Opinião
Clarice Lispector estreia-se, em 1944, com o romance Perto do Coração Selvagem e deixa leitores e crítica perplexos com tamanha inovação da escrita, com tal domínio do Verbo. Perplexidade multiplicada com a revelação de que esta estreante no mundo das letras contava apenas 19 Primaveras. Laços de Família surge 16 anos depois, em 1960, como quinto livro de uma autora que já nasceu matura. A palavra é barro pronto a moldar pela pena de Clarice, o resultado são algumas das mais belas e inesperadas peças de artesanato que formam o panteão da literatura mundial. É injustíssima a indeferença que esta precoce artista tem no nosso país, pátria-mãe da língua que a escritora molda exemplarmente. Ao longo dos treze contos que dão corpo a este livro Clarice, no seu melhor (como em tudo o que escrevia), leva-nos de forma arrebatadora por um mundo que é o nosso, mas que nos vamos apercebendo que não conhecemos. As personagens não são complexas, cabem em poucas palavras, mas são complexas as suas experiências. Uma escrita em tudo original, mas onde se lêem marcas da náusea de Sartre. Um mundo gasto "tão rico que apodrecia", mas mais podre ainda por dentro. O mundo dentro das personagens, o mundo que atravessa cada um de nós e ao qual fugimos e que fingimos ou preferimos ignorar.
Um livro que não basta ler, não basta, sequer, reler uma só vez.

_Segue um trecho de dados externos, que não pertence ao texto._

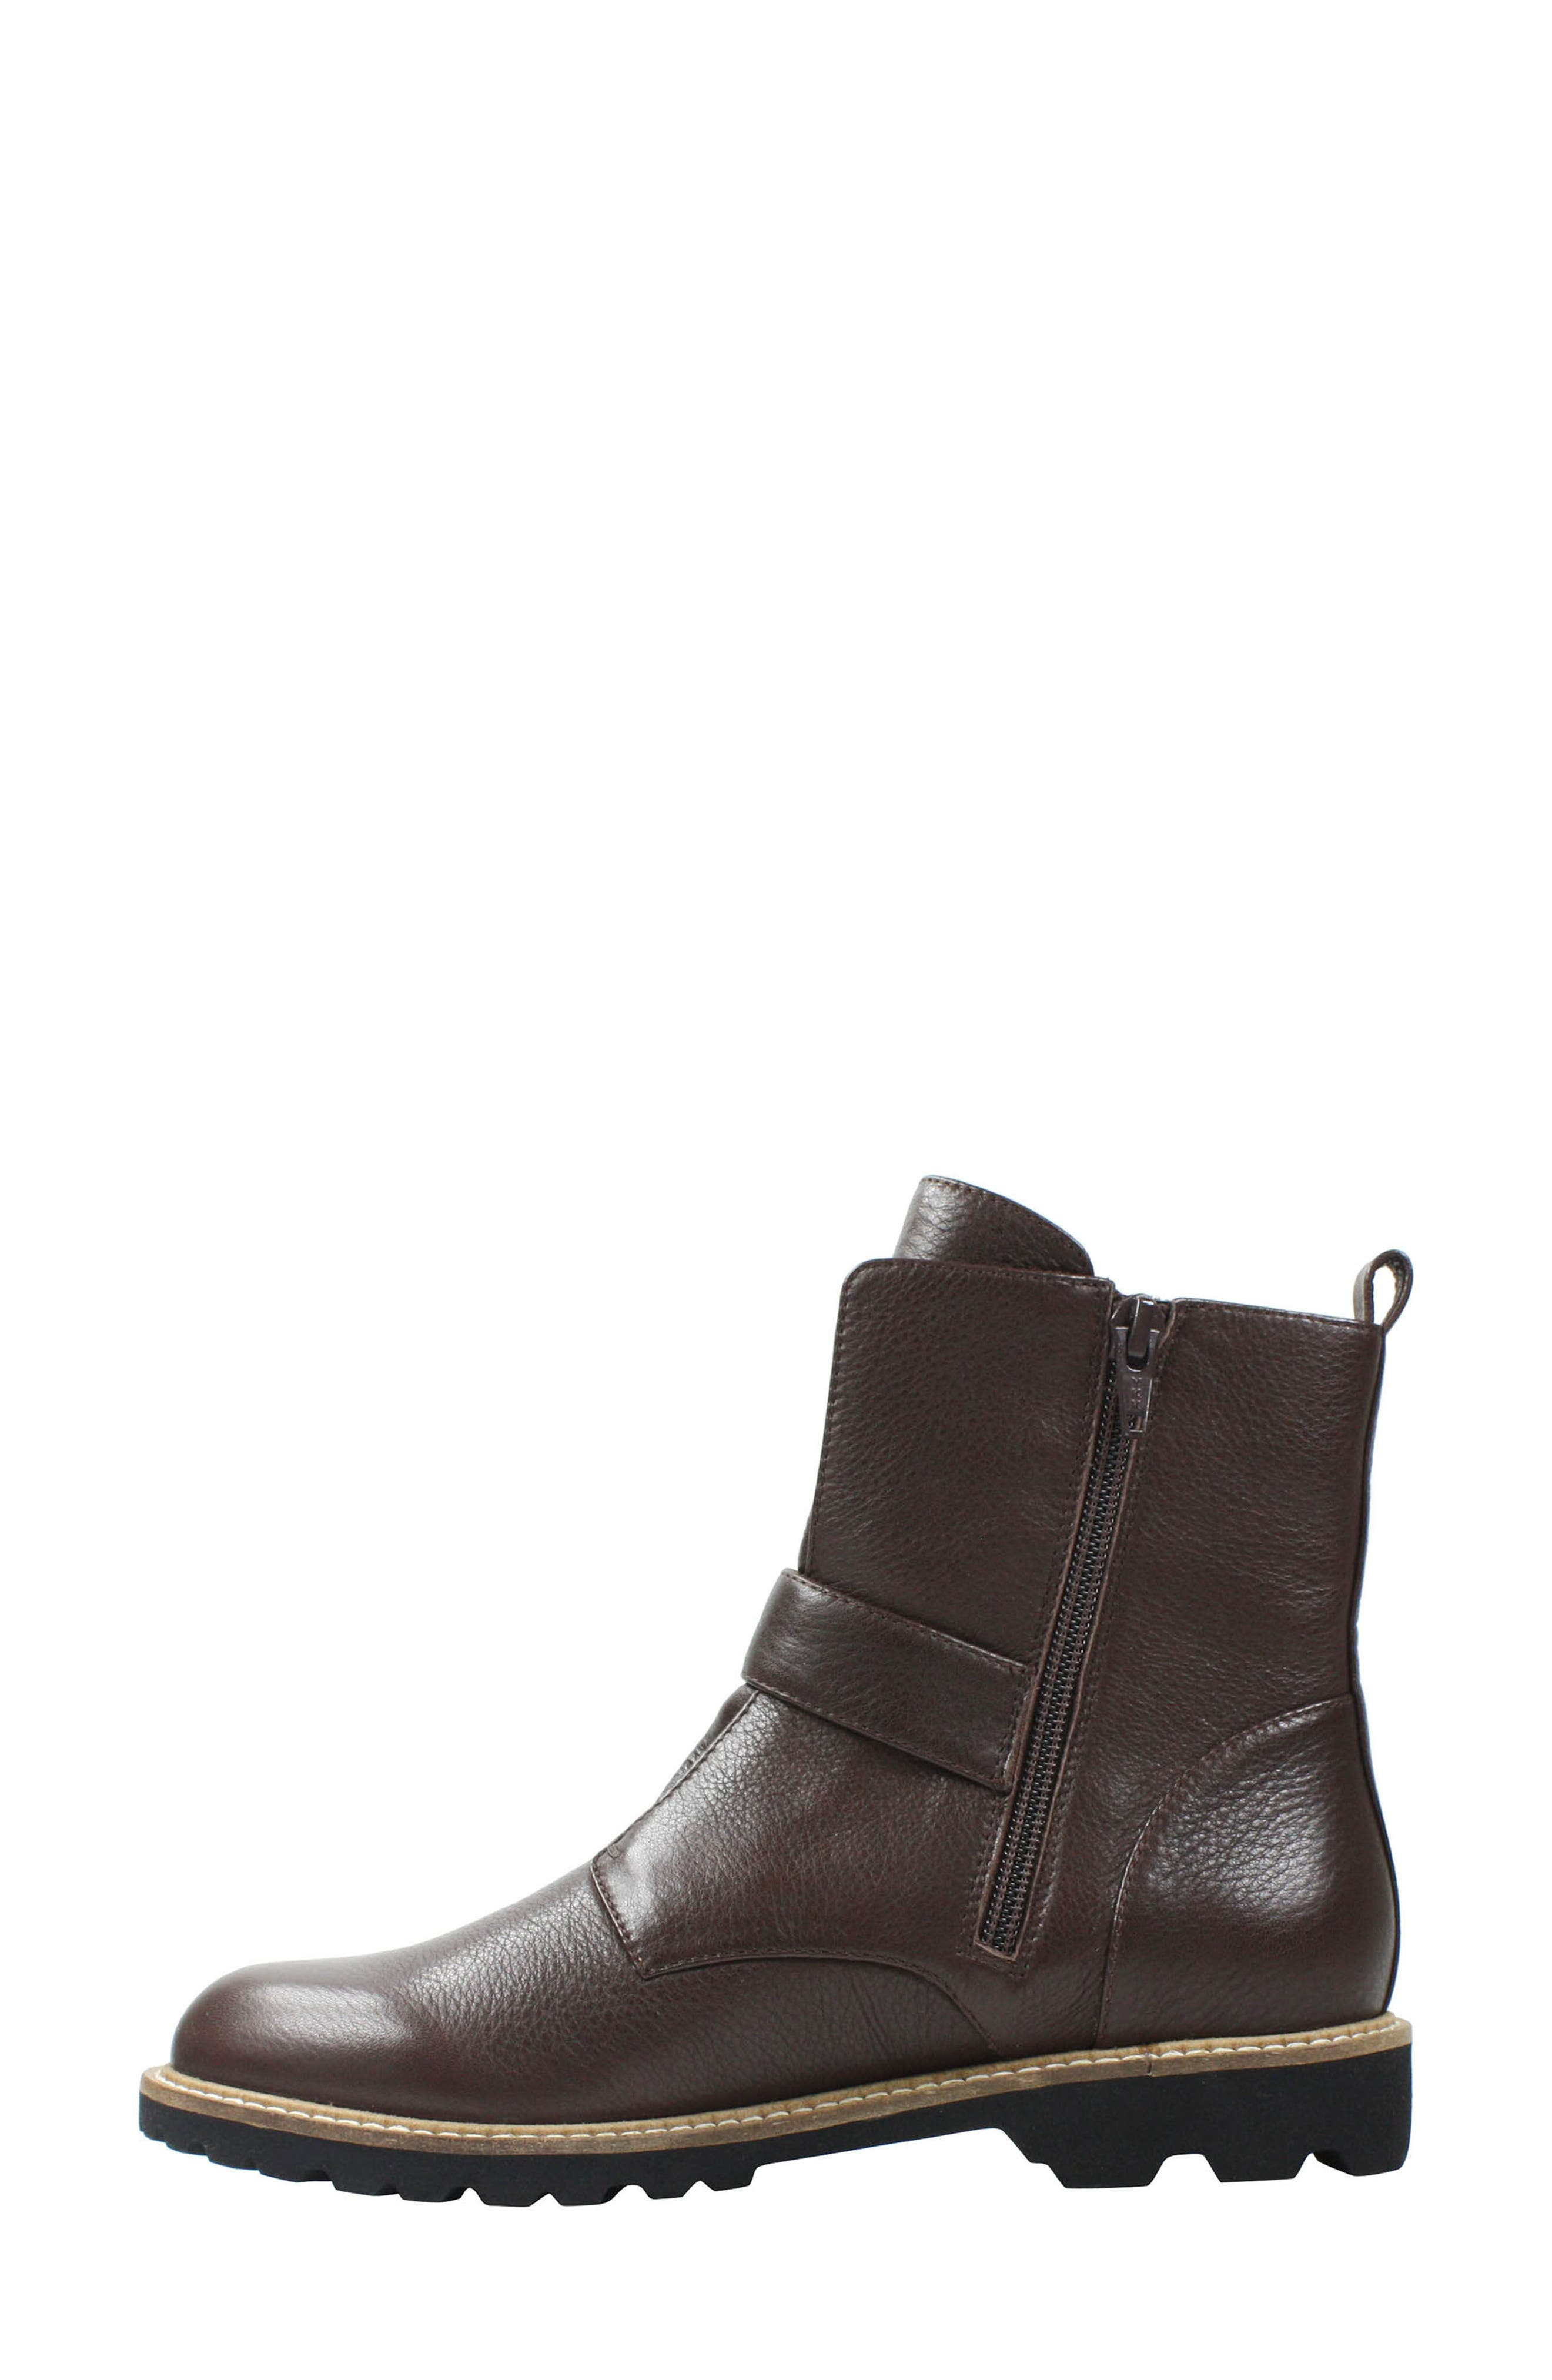 Rapolano Boot,                             Alternate thumbnail 2, color,                             Moro Leather

Um livro cuja primeira leitura é já uma releitura de nós mesmos, por isso nos vai tirando o fôlego em cada conto, pelo menos até que atinjamos o climax de cada pequena história que se vai desenrolando ao sabor do que nos surpreende sem que consigamos, a "olho nú", de forma imediata, vislumbrar o que verdadeiramente nos incomoda ali, o que mexe connosco, o que nos faz pensar...

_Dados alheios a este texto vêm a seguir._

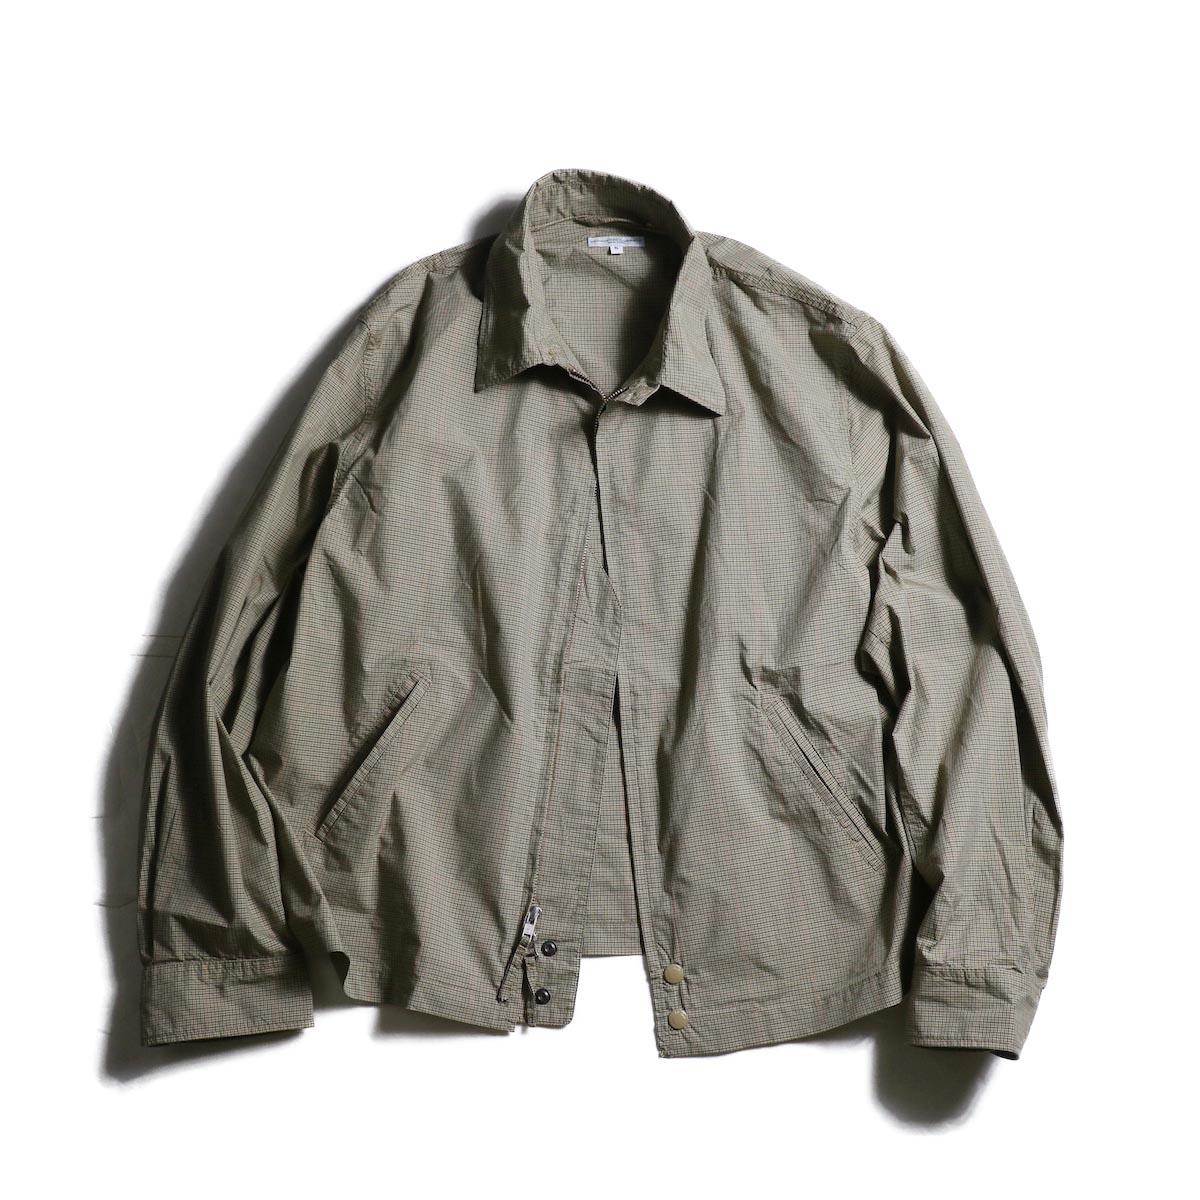 Engineered Garments / Claigton Jacket -Tyco Mini Tattersall (Khaki)

Clarice Lispector é, desde já, proibida aos consumidores compulsivos de literatura ultra-light (leia-se Paulo Coelho ou Margarida Rebelo Pinto), seria o mesmo que dar Lobo Antunes a quem nunca leu nada além de Patinhas - uma violência.
Clarice Lispector, desde já obrigatório a quem sente amor à palavra, a quem a quer ler revestida de todo o seu esplendor, a quem quer ler imagens que jamais imaginou que alguém pudesse descrever, mas que só lerá verdadeiramente o que não se deixar cegar pelo esplendor e conseguir penetrar nas entranhas da realidade crua dum "mundo tão rico que apodrecia". Será de Clarice o/a que conseguirem sentir na garganta "a náusea(...) como se estivesse grávida e abandonada".

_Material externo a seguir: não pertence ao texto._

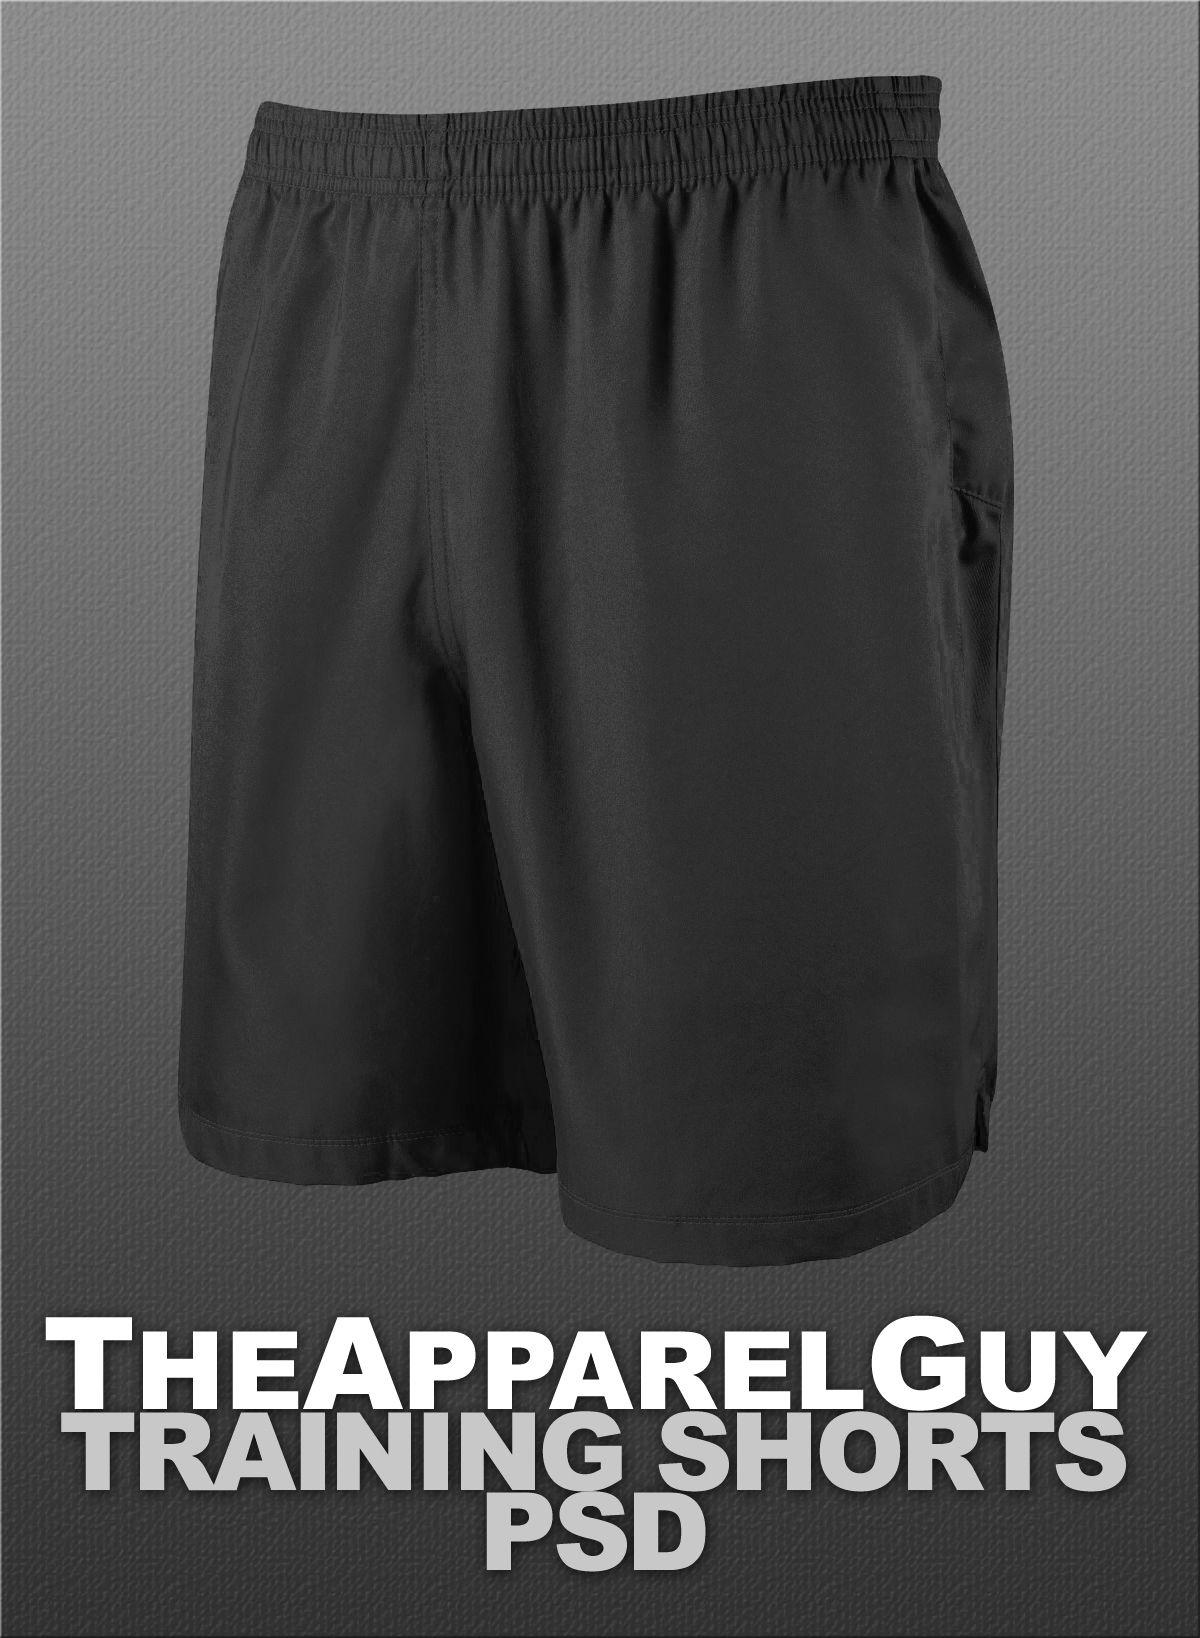 Download Training Shorts Psd Training Shorts Shorts Clothing Templates

«As árvores estavam carregadas, o mundo era tão rico que apodrecia. Quando Ana pensou que havia crianças e homens grandes com fome, a náusea subiu-lhe à garganta, como se ela estivesse grávida e abandonada. A moral do Jardim era outra. Agora que o cego a guiara até ele, estremecia nos primeiros passos de um mundo faiscante, sombrio, onde vitórias-régias boiavam mostruosas.»